Professor Philip Heymann’s new case study, Margaret Hamburg and the FDA, looks at this push-and-pull history of the FDA, replete with pressure from lobbyists, politicians, and administrations. The case study explains the FDA’s history, role, and organizational structure and highlights the conflicts over such issues as side effect labels on medications, approval schemes for new medical devices, and unregulated drugs grandfathered into legal sale.
With this case, Heymann presents an opportunity for students to grapple with conflicts between policy and science, and how they can best navigate these waters as future leaders. Case study participants consider Hamburg’s role in balancing divisions of power, vague and broad statutes, and stakeholders in policy and science.
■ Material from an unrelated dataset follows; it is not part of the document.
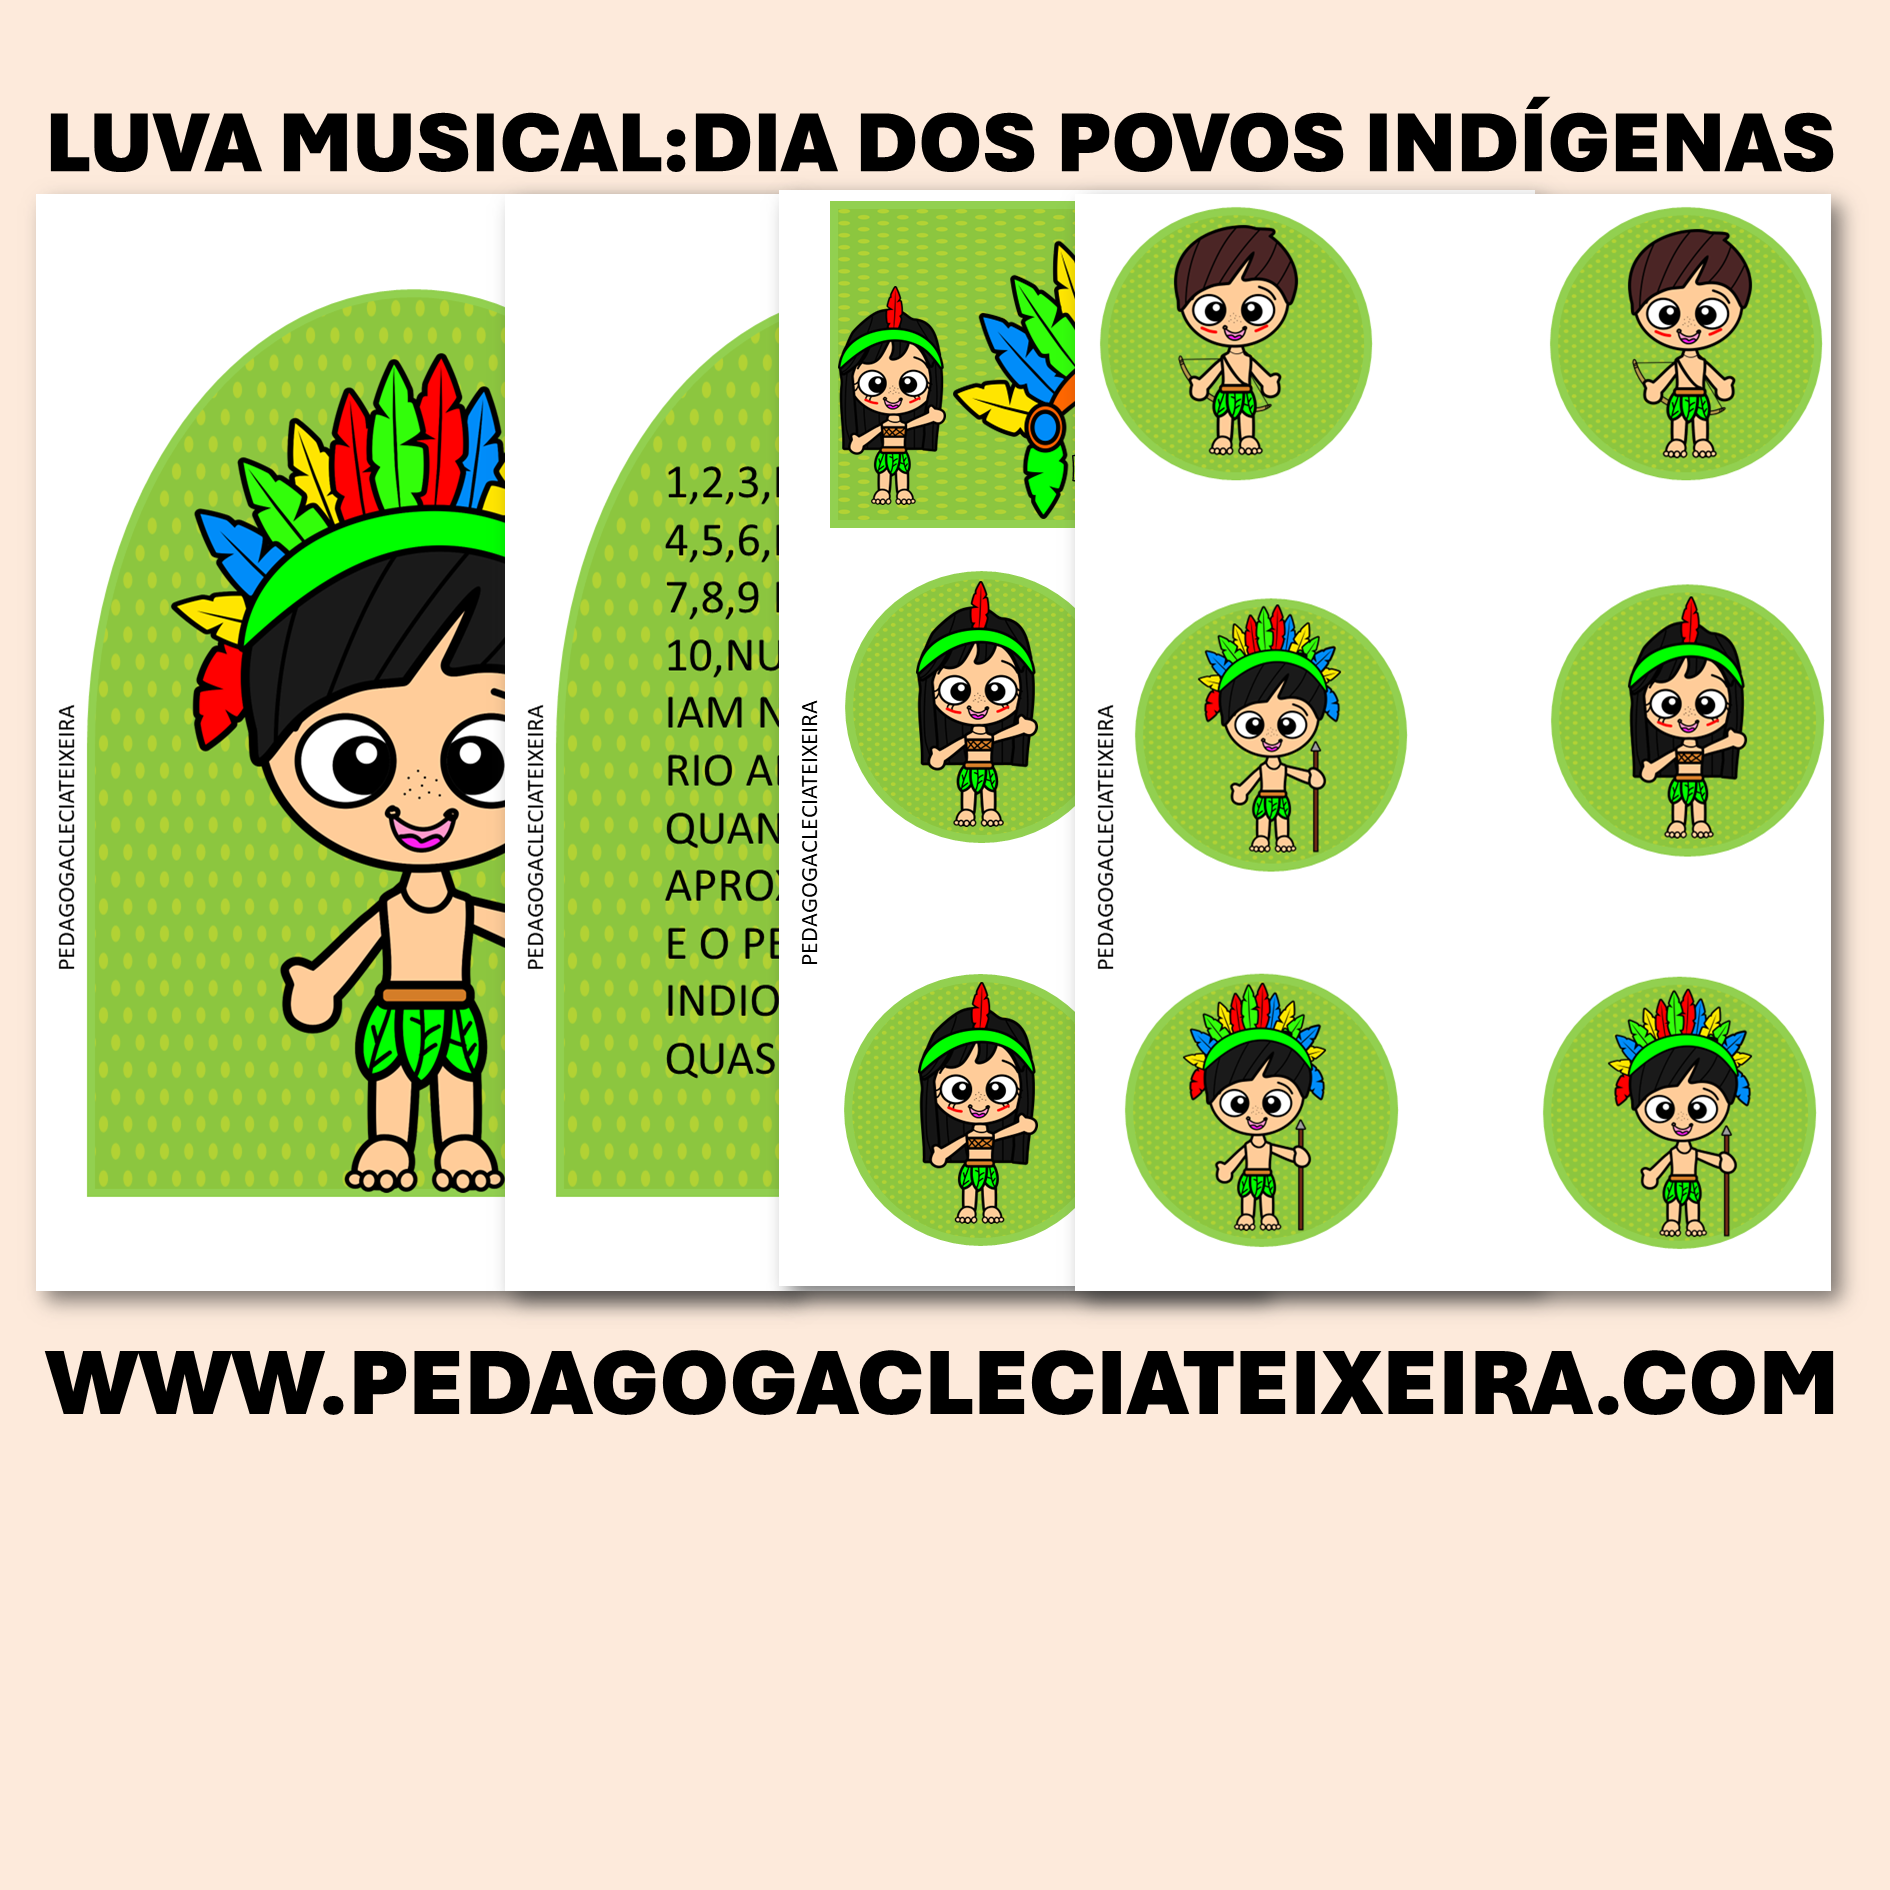 Luva musical:dia dos povos indígenas

How might Hamburg address these conflicts of interest? At what point (if any) should Hamburg threaten to resign? And would such a threat ultimately backfire? This case study was taught this semester in HLS Professor Todd Rakoff’s Administrative Law course, as well as Professor Heymann’s Decision-Making and Leadership in the Public Sector (Fall 2012) and the Senior Managers in Government program through the Kennedy School of Government (Summer 2012).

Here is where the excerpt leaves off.